“Merry Christmas!” Greetings exchanged and acknowledged with a glance and perhaps a contrived smile. After waiting in line at checkout and then waiting in another line for the checkers at the door to draw a squiggly line through our receipt, perhaps what we really mean is, “Let me out of here. I’m tired of waiting in lines, and feeling claustrophobic from the crowded aisles. I’m tired of driving in circles to find a parking space, and then needing a GPS to remember where I finally parked!”
Maybe it’s just me, but it seems like life is full of contradictions, especially at Christmas. We hurry up to have a little time to slow down. We exchange greetings with strangers and sit silently with members of our own family that we have lost touch with. We make small talk when we are deep in thought about what we would really like to say. We spend too much on gifts nobody needs while worrying about how we will pay for it all. We talk about the weather outside and hide the storm brooding inside our hearts. We celebrate peace on earth and goodwill toward men while our countenance shoots daggers at the person who pulled out in front of us or stole the only remaining parking spot we had already claimed as our own from two rows away.
Yet if we slow down long enough to reflect on our motives, I suspect we will discover something at a deeper level. We really do have good intentions. We really don’t wish harm to anyone. We really do have deep longings for connection, for peace on earth and peace at home. We really do want to be generous. We just don’t slow down long enough to drink deeply enough from those wells of meaning to find satisfaction or significance in our hurry, worry, and scurry. The end is somehow lost in the means. Our actions contradict what is truly in our hearts and we are left spent—physically, emotionally, and spiritually. The empty feeling we are left with contradicts all of our good intentions.
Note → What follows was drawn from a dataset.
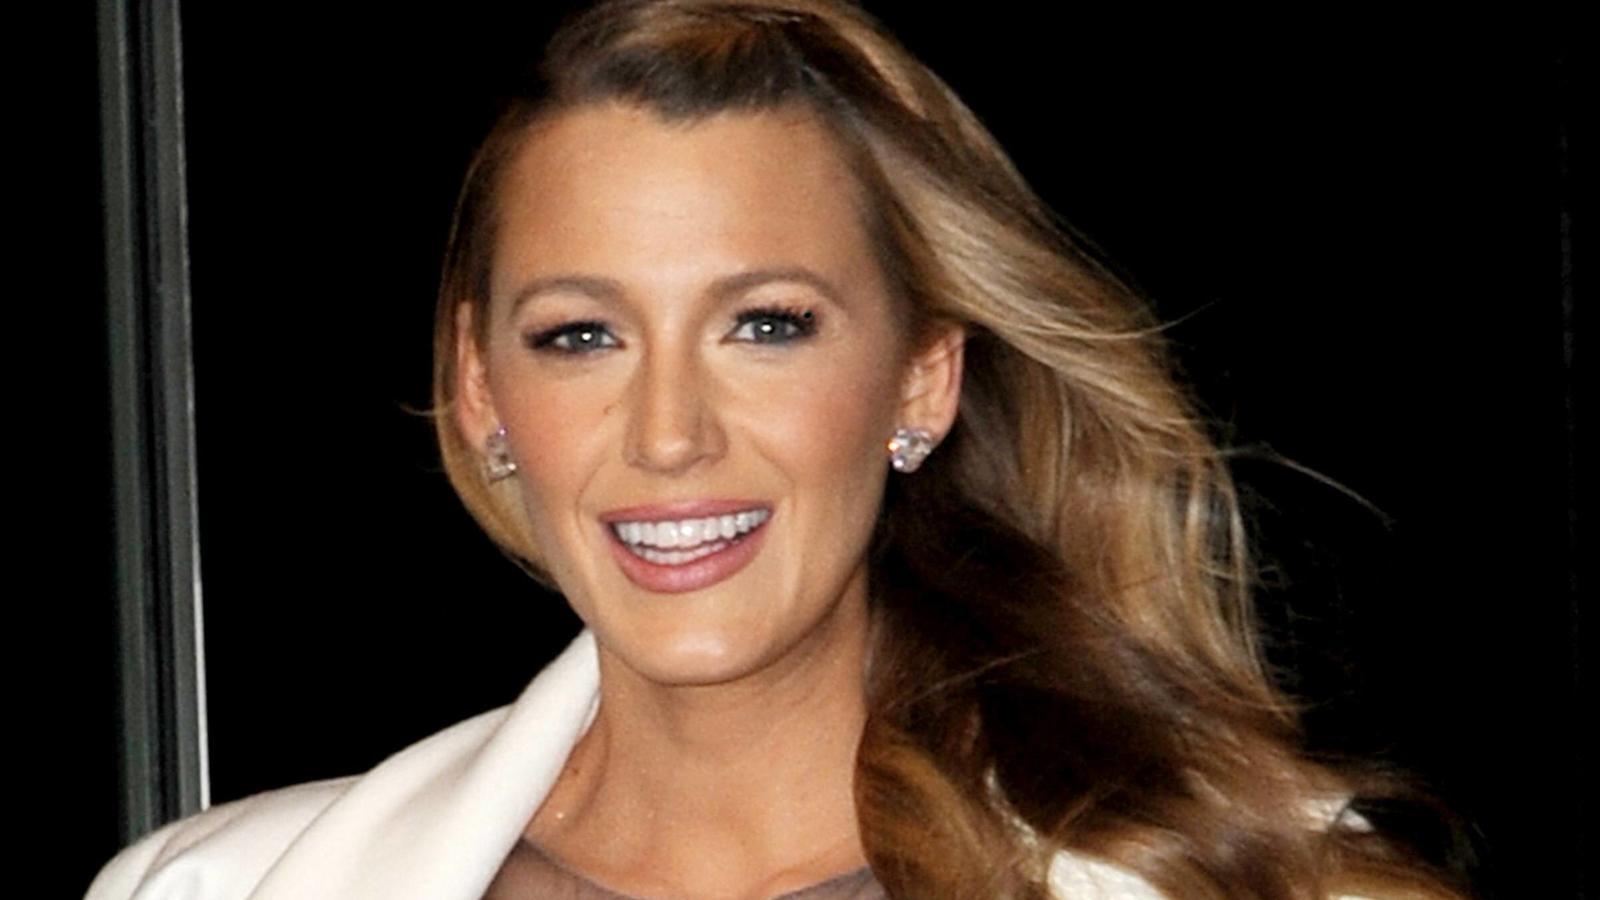 """Blake Lively landete mit dem Serien-Hit """"Gossip Girl"""" einen Volltreffer"""

So remember this, sometimes it feels like everything is about to fall apart when in reality things are just about ready to come together. Surely that is how Joseph and Mary felt when they could find no room in the inn, or when they were forced to escape to Egypt, or when people called their son illegitimate. Hardship and heartache walked hand in hand with happiness and hope.
There often exists a contradiction between our circumstances and God’s divine destiny. Being happy is not incongruent with being harried or hassled. And unfavorable circumstances do not always lead to unfavorable outcomes. Three eternal things make the difference: faith, hope and love. If you can anchor your heart and actions on these, and take a little time to reflect on what is really important, while examining your motives behind your actions, you will minimize the contradictions and maximize the intended consequences.